After reunification , the GDR operations were privatized by the Treuhandanstalt , including the Leuna refinery in Schwedt in Brandenburg and the mineral oil company Minol, which was already very profitably linked to the refinery at the time of the negotiations . The political wish of French President François Mitterrand and Chancellor Helmut Kohl , expressed several times in public , existed that these two companies should be sold to the French group Elf Aquitaine . This should be a symbol of the French involvement in East Germany and increase the number of competitors in the German oil market. The sale took place in 1990/91.

The commercial interest of Elf Aquitaine itself was initially rather low. The plant acquired in Leuna (Saxony-Anhalt) had to be built from scratch, costing billions of dollars. There were also extensive contaminated sites. There was no interest in additional refinery capacities. So the sale could only take place at the price of a high subsidy commitment. The case was different with Minol. The company was the market leader in the new federal states and was very profitable.

Other interested parties in Leuna and Minol were the BP Group, the Tamoil Group and the Kuwaiti company Q8 .

In 1992 and 1993, bribery payments totaling 47 million euros were made from Elf's illicit funds.

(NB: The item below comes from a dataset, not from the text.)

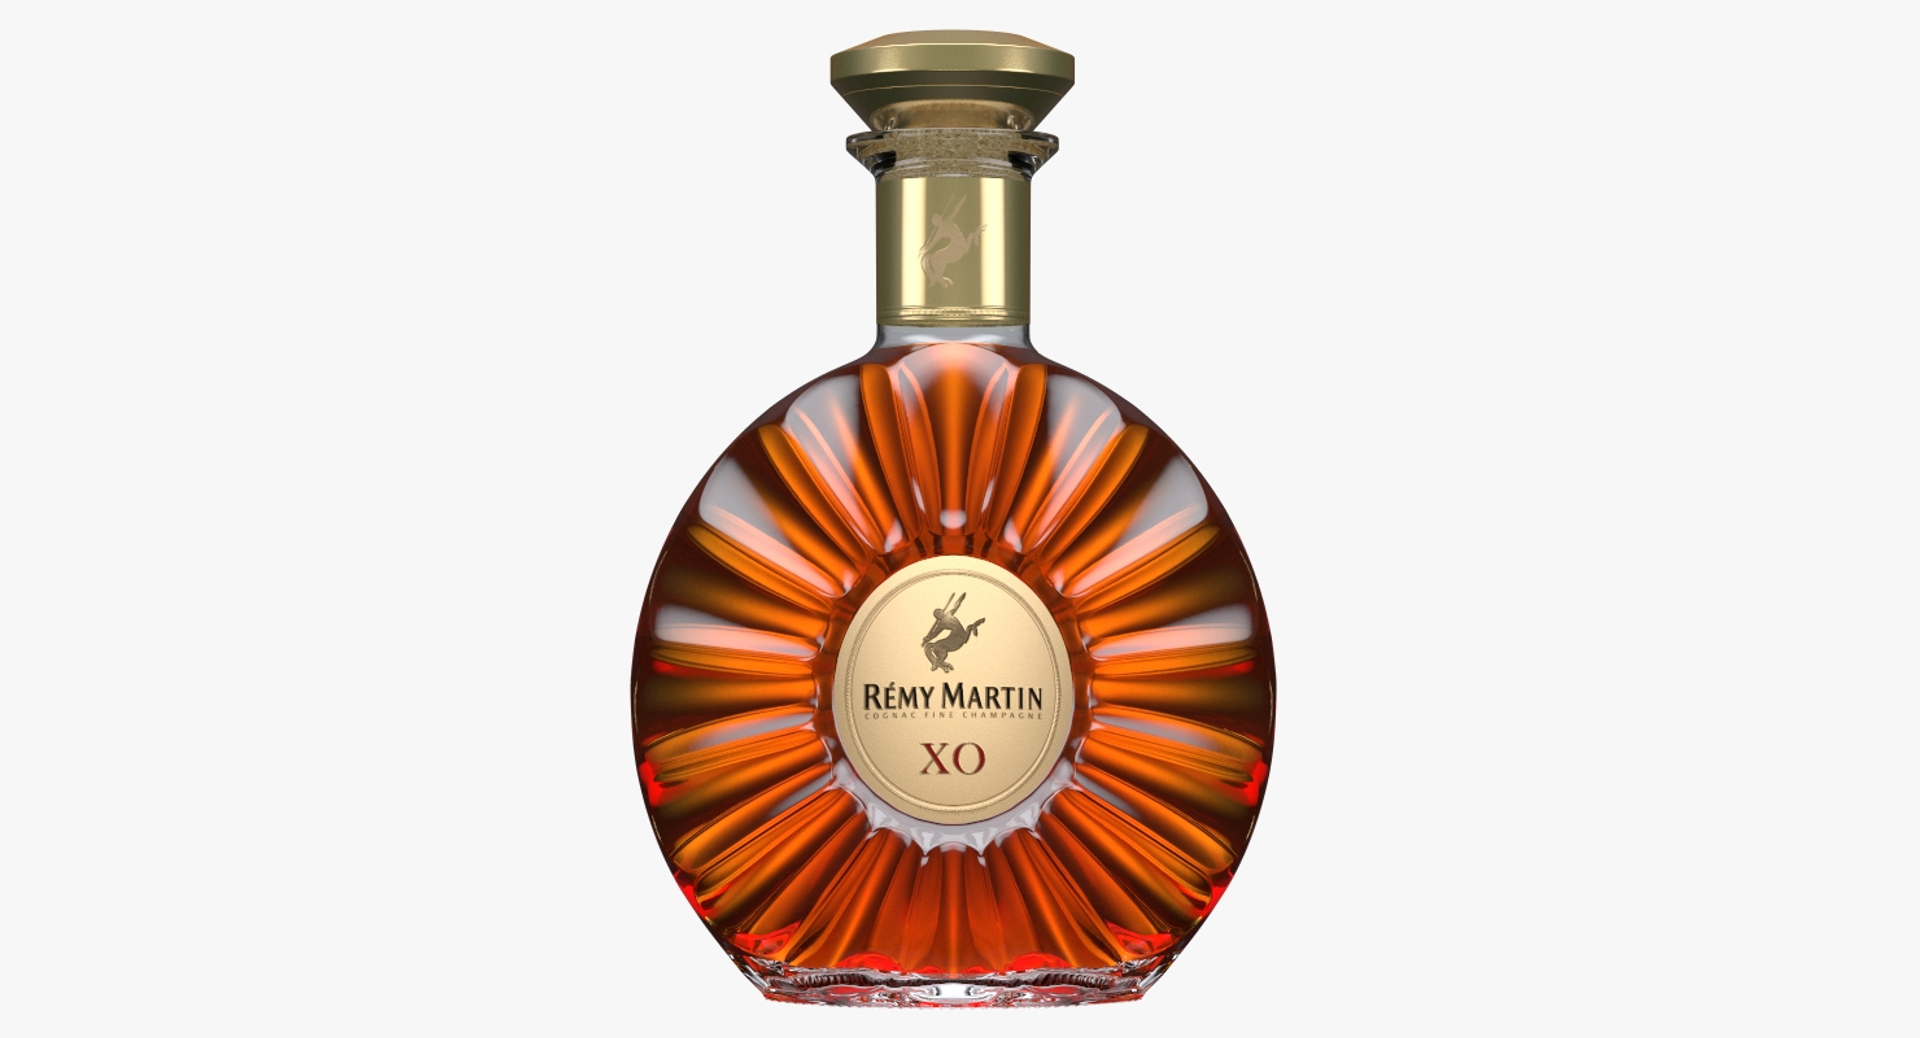 14 Remy Martin Louis Xiii Cognac Images, Stock Photos, 3D objects, &  Vectors

Law enforcement in France (and Germany)

The public prosecutor's investigations were initiated by a report by the French examining magistrate Eva Joly , who uncovered the Elf-Aquitaine lubricant affair from Paris . In a collaboration between Joly and the Geneva investigator Paul Perraudin, documents were also forwarded to the German authorities.

The former Elf manager Alfred Sirven is considered to be the mastermind behind the dubious transfer . Managers responsible for this were convicted in France, the former CEO of Elf Aquitaine , Loïk Le Floch-Prigent , was sentenced to three years imprisonment; Sirven for five years. The defendants stated that the funds were used as part of the Leuna privatization.

In 2003, the lobbyist Dieter Holzer was sentenced in Paris to 15 months imprisonment and a fine of 1.5 million euros.

According to investigations by Geneva public prosecutors and examining magistrate Eva Joly, the following happened in the Leuna-Minol privatization scandal: the lobbyists Dieter Holzer and the State Secretary Ludwig-Holger Pfahls (CSU) staged veritable cascades of transactions. According to the Geneva Public Prosecutor's Office, between 1987 and 1997 they moved 130 million euros between Liechtenstein trusts, Swiss and Luxembourg banks, and offshore companies in Antigua and Panama. The Geneva investigating judge Paul Perraudin sees it as a "nonsensical economic structure that justifies a concrete suspicion of money laundering". Countless foreign exchange and cash transactions between the same banks via the accounts of another beneficial owner are classic money laundering transactions . The confusion of these kick-back transfers is to obscure the flow of money and the recipient's identity.

Leuna files allegedly missing in 1998 were available as copies in several ministries.

Trivia

The television journalist Ulrich Wickert used the Leuna affair in 2008 as a template for his detective novel “The useful friend”.

Web links

Individual evidence

  1. Hans Leyendecker: Leuna affair - rumors instead of evidence (sueddeutsche.de).
  2. Torsten Hampel: Grass over it. In: Der Tagesspiegel . November 1, 2001.
  3. See also the graphic “Wallpaper” on www.recherchieren.org (zip file).
  4. "Federal extinguishing days" are a legend . Berliner Morgenpost. October 4, 2003. Retrieved January 25, 2013.
  5. Bild Online: "Ulrich Wickert: How much truth is there in his Leuna crime thriller?" (From August 14, 2008).